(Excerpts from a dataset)
● ● ● ● ● ● ●

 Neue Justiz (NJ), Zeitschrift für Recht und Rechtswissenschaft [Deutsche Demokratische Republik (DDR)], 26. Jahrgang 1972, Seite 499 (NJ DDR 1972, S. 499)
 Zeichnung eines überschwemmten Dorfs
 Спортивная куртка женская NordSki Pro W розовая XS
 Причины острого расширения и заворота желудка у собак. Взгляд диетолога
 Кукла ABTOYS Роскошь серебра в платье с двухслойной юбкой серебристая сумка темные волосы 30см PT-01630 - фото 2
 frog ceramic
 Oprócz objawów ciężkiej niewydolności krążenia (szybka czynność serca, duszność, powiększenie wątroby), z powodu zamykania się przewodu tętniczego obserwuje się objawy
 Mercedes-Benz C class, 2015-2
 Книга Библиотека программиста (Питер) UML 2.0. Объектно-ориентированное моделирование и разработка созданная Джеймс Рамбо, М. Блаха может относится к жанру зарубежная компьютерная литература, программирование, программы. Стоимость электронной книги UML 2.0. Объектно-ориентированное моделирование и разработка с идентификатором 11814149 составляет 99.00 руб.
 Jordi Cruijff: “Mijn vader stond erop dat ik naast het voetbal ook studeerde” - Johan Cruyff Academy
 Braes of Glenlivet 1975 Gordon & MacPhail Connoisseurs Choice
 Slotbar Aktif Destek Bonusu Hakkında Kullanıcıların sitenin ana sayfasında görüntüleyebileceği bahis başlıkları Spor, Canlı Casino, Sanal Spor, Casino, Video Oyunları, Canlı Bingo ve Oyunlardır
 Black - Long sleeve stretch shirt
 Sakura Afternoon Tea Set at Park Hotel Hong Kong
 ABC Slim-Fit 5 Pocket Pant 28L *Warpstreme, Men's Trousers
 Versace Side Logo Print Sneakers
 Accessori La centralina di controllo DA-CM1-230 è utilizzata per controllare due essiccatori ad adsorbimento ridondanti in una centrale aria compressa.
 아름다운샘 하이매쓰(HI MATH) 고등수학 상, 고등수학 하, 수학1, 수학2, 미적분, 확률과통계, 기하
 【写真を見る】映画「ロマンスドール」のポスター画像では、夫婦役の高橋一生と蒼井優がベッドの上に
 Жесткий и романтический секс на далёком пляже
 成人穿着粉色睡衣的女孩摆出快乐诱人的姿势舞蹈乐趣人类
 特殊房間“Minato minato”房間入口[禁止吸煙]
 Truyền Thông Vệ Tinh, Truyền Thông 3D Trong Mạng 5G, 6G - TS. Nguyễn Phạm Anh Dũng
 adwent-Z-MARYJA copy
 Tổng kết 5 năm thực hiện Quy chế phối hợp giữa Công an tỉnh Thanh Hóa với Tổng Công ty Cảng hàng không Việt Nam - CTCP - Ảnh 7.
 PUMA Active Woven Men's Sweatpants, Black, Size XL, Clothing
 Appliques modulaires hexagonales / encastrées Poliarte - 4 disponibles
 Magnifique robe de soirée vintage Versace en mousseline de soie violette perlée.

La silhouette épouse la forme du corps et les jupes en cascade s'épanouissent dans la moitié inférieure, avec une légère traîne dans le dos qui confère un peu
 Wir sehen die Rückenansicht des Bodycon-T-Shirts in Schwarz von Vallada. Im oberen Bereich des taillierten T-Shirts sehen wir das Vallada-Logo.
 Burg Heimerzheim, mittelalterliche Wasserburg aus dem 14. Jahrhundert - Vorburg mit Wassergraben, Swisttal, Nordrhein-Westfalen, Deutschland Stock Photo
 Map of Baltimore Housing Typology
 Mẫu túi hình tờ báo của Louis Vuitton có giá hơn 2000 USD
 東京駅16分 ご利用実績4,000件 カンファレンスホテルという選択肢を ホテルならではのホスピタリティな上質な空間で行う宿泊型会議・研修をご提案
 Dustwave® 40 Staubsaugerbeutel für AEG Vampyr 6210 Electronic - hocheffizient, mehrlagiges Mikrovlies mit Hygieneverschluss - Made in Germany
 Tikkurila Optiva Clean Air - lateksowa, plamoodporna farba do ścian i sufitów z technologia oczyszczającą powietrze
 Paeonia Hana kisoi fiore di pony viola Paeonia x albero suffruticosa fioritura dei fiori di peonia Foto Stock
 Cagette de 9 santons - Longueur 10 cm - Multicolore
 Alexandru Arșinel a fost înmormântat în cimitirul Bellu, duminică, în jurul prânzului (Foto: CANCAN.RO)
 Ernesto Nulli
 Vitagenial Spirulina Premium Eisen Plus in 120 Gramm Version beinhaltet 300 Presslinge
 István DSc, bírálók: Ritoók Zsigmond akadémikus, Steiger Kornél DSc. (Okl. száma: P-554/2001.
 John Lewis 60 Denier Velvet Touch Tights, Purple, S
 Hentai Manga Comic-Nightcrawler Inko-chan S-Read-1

● ● ● ● ● ● ●

**Problem description**
Reproduce the data in full. Nothing in it may be altered.

**Answer section**
 Neue Justiz (NJ), Zeitschrift für Recht und Rechtswissenschaft [Deutsche Demokratische Republik (DDR)], 26. Jahrgang 1972, Seite 499 (NJ DDR 1972, S. 499)
 Zeichnung eines überschwemmten Dorfs
 Спортивная куртка женская NordSki Pro W розовая XS
 Причины острого расширения и заворота желудка у собак. Взгляд диетолога
 Кукла ABTOYS Роскошь серебра в платье с двухслойной юбкой серебристая сумка темные волосы 30см PT-01630 - фото 2
 frog ceramic
 Oprócz objawów ciężkiej niewydolności krążenia (szybka czynność serca, duszność, powiększenie wątroby), z powodu zamykania się przewodu tętniczego obserwuje się objawy
 Mercedes-Benz C class, 2015-2
 Книга Библиотека программиста (Питер) UML 2.0. Объектно-ориентированное моделирование и разработка созданная Джеймс Рамбо, М. Блаха может относится к жанру зарубежная компьютерная литература, программирование, программы. Стоимость электронной книги UML 2.0. Объектно-ориентированное моделирование и разработка с идентификатором 11814149 составляет 99.00 руб.
 Jordi Cruijff: “Mijn vader stond erop dat ik naast het voetbal ook studeerde” - Johan Cruyff Academy
 Braes of Glenlivet 1975 Gordon & MacPhail Connoisseurs Choice
 Slotbar Aktif Destek Bonusu Hakkında Kullanıcıların sitenin ana sayfasında görüntüleyebileceği bahis başlıkları Spor, Canlı Casino, Sanal Spor, Casino, Video Oyunları, Canlı Bingo ve Oyunlardır
 Black - Long sleeve stretch shirt
 Sakura Afternoon Tea Set at Park Hotel Hong Kong
 ABC Slim-Fit 5 Pocket Pant 28L *Warpstreme, Men's Trousers
 Versace Side Logo Print Sneakers
 Accessori La centralina di controllo DA-CM1-230 è utilizzata per controllare due essiccatori ad adsorbimento ridondanti in una centrale aria compressa.
 아름다운샘 하이매쓰(HI MATH) 고등수학 상, 고등수학 하, 수학1, 수학2, 미적분, 확률과통계, 기하
 【写真を見る】映画「ロマンスドール」のポスター画像では、夫婦役の高橋一生と蒼井優がベッドの上に
 Жесткий и романтический секс на далёком пляже
 成人穿着粉色睡衣的女孩摆出快乐诱人的姿势舞蹈乐趣人类
 特殊房間“Minato minato”房間入口[禁止吸煙]
 Truyền Thông Vệ Tinh, Truyền Thông 3D Trong Mạng 5G, 6G - TS. Nguyễn Phạm Anh Dũng
 adwent-Z-MARYJA copy
 Tổng kết 5 năm thực hiện Quy chế phối hợp giữa Công an tỉnh Thanh Hóa với Tổng Công ty Cảng hàng không Việt Nam - CTCP - Ảnh 7.
 PUMA Active Woven Men's Sweatpants, Black, Size XL, Clothing
 Appliques modulaires hexagonales / encastrées Poliarte - 4 disponibles
 Magnifique robe de soirée vintage Versace en mousseline de soie violette perlée.

La silhouette épouse la forme du corps et les jupes en cascade s'épanouissent dans la moitié inférieure, avec une légère traîne dans le dos qui confère un peu
 Wir sehen die Rückenansicht des Bodycon-T-Shirts in Schwarz von Vallada. Im oberen Bereich des taillierten T-Shirts sehen wir das Vallada-Logo.
 Burg Heimerzheim, mittelalterliche Wasserburg aus dem 14. Jahrhundert - Vorburg mit Wassergraben, Swisttal, Nordrhein-Westfalen, Deutschland Stock Photo
 Map of Baltimore Housing Typology
 Mẫu túi hình tờ báo của Louis Vuitton có giá hơn 2000 USD
 東京駅16分 ご利用実績4,000件 カンファレンスホテルという選択肢を ホテルならではのホスピタリティな上質な空間で行う宿泊型会議・研修をご提案
 Dustwave® 40 Staubsaugerbeutel für AEG Vampyr 6210 Electronic - hocheffizient, mehrlagiges Mikrovlies mit Hygieneverschluss - Made in Germany
 Tikkurila Optiva Clean Air - lateksowa, plamoodporna farba do ścian i sufitów z technologia oczyszczającą powietrze
 Paeonia Hana kisoi fiore di pony viola Paeonia x albero suffruticosa fioritura dei fiori di peonia Foto Stock
 Cagette de 9 santons - Longueur 10 cm - Multicolore
 Alexandru Arșinel a fost înmormântat în cimitirul Bellu, duminică, în jurul prânzului (Foto: CANCAN.RO)
 Ernesto Nulli
 Vitagenial Spirulina Premium Eisen Plus in 120 Gramm Version beinhaltet 300 Presslinge
 István DSc, bírálók: Ritoók Zsigmond akadémikus, Steiger Kornél DSc. (Okl. száma: P-554/2001.
 John Lewis 60 Denier Velvet Touch Tights, Purple, S
 Hentai Manga Comic-Nightcrawler Inko-chan S-Read-1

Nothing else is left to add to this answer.